Not surprisingly, Valuetronics is adversely affected by the trade war between the US and China; it has said its operations are likely to be negatively affected over the next few months. For its most recent financial quarter (1QFY2020), around half of the Group’s US shipment from China was subject to a 25% tariff imposed on its customers. However, its customers are deploying diversified procurement strategies, such as assembling their products outside China, to mitigate the adverse impact of the tariffs. Valuetronics’ Vietnam expansion plan, which was implemented in June 2019, is progressing according to plan, and the company expects to stay profitable for the financial year.

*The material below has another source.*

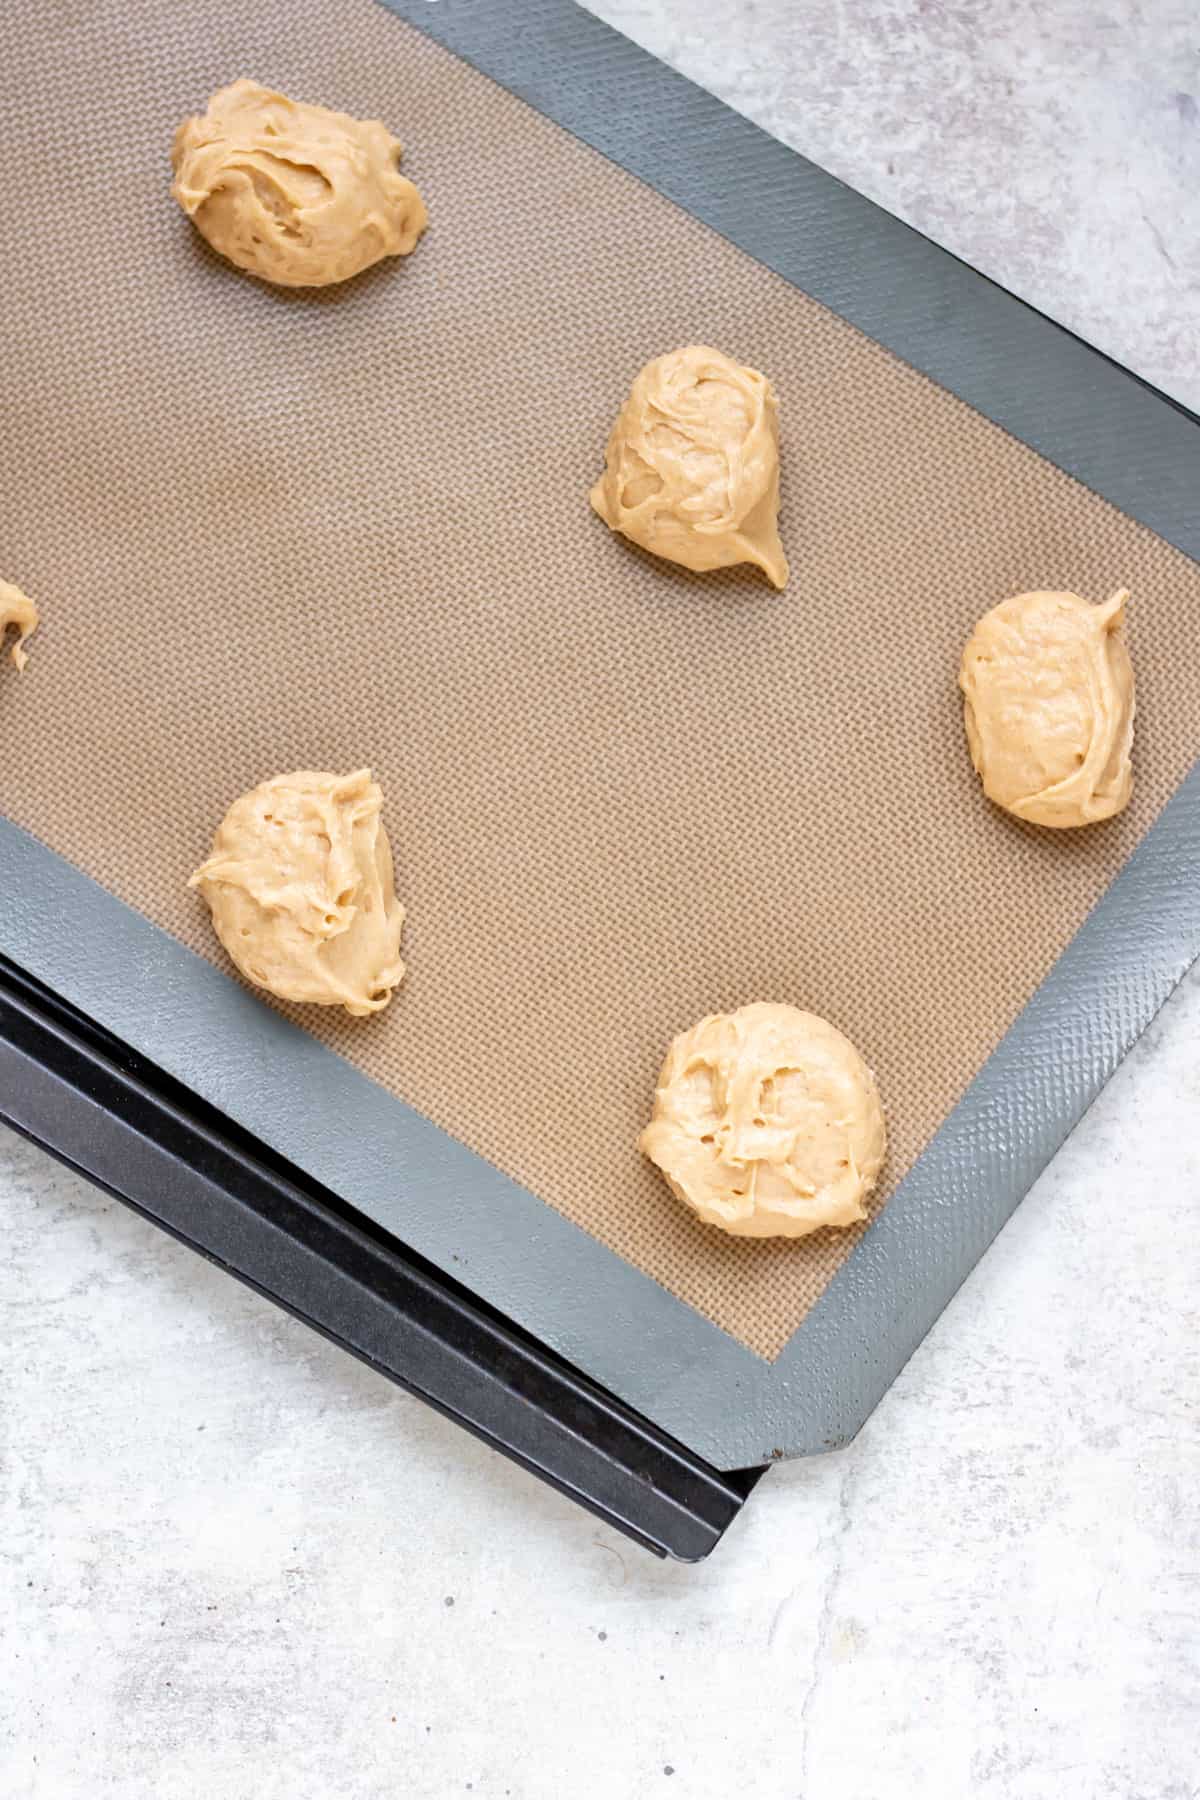 Cookie dough on baking sheet.

Analysts are mildly positive about Valuetronics, and have a price target of $0.75, which is a 7.2% upside from its current price of $0.70, according to Bloomberg.

Price growth versus value growth: Valuetronics looks rich

Charts 1 to 3 show the price growth of Spindex Industries, Frencken Group and Valuetronics Holdings against their weighted value growth across five periods. These five periods are 15 years, 10 years, five years, three years and one year. Ideally, for a company to be attractive, the price has to be cheap but the value must be substantial — and a chart with the weighted value growth more than the price growth will reflect this.

Therefore, it is not the shape of the curve but the levels at which the charts are at. Spindex’s value growth have weighted metrics such as net profit, retained earnings and equity, operating cash flow and free cash flow — over the five periods is higher than its price growth. This implies undervaluation. The indicator is not a forward-looking one; over the last five periods, weighted value has grown by an average of 17.7%.

For Frencken, both value growth and price growth have risen in the past five years. However, price growth has outpaced value growth. In addition, selling pressure could emerge with major shareholders who are members of fugitive financier Jho Low’s immediate family likely to divest their stake.

Based on our price-value analysis, Valuetronics’ price has grown a lot more in the past five years than its valuation, suggesting that investors are a lot more optimistic about its prospects than the company has been able to deliver. If this trend persists, Valuetronics could be overvalued.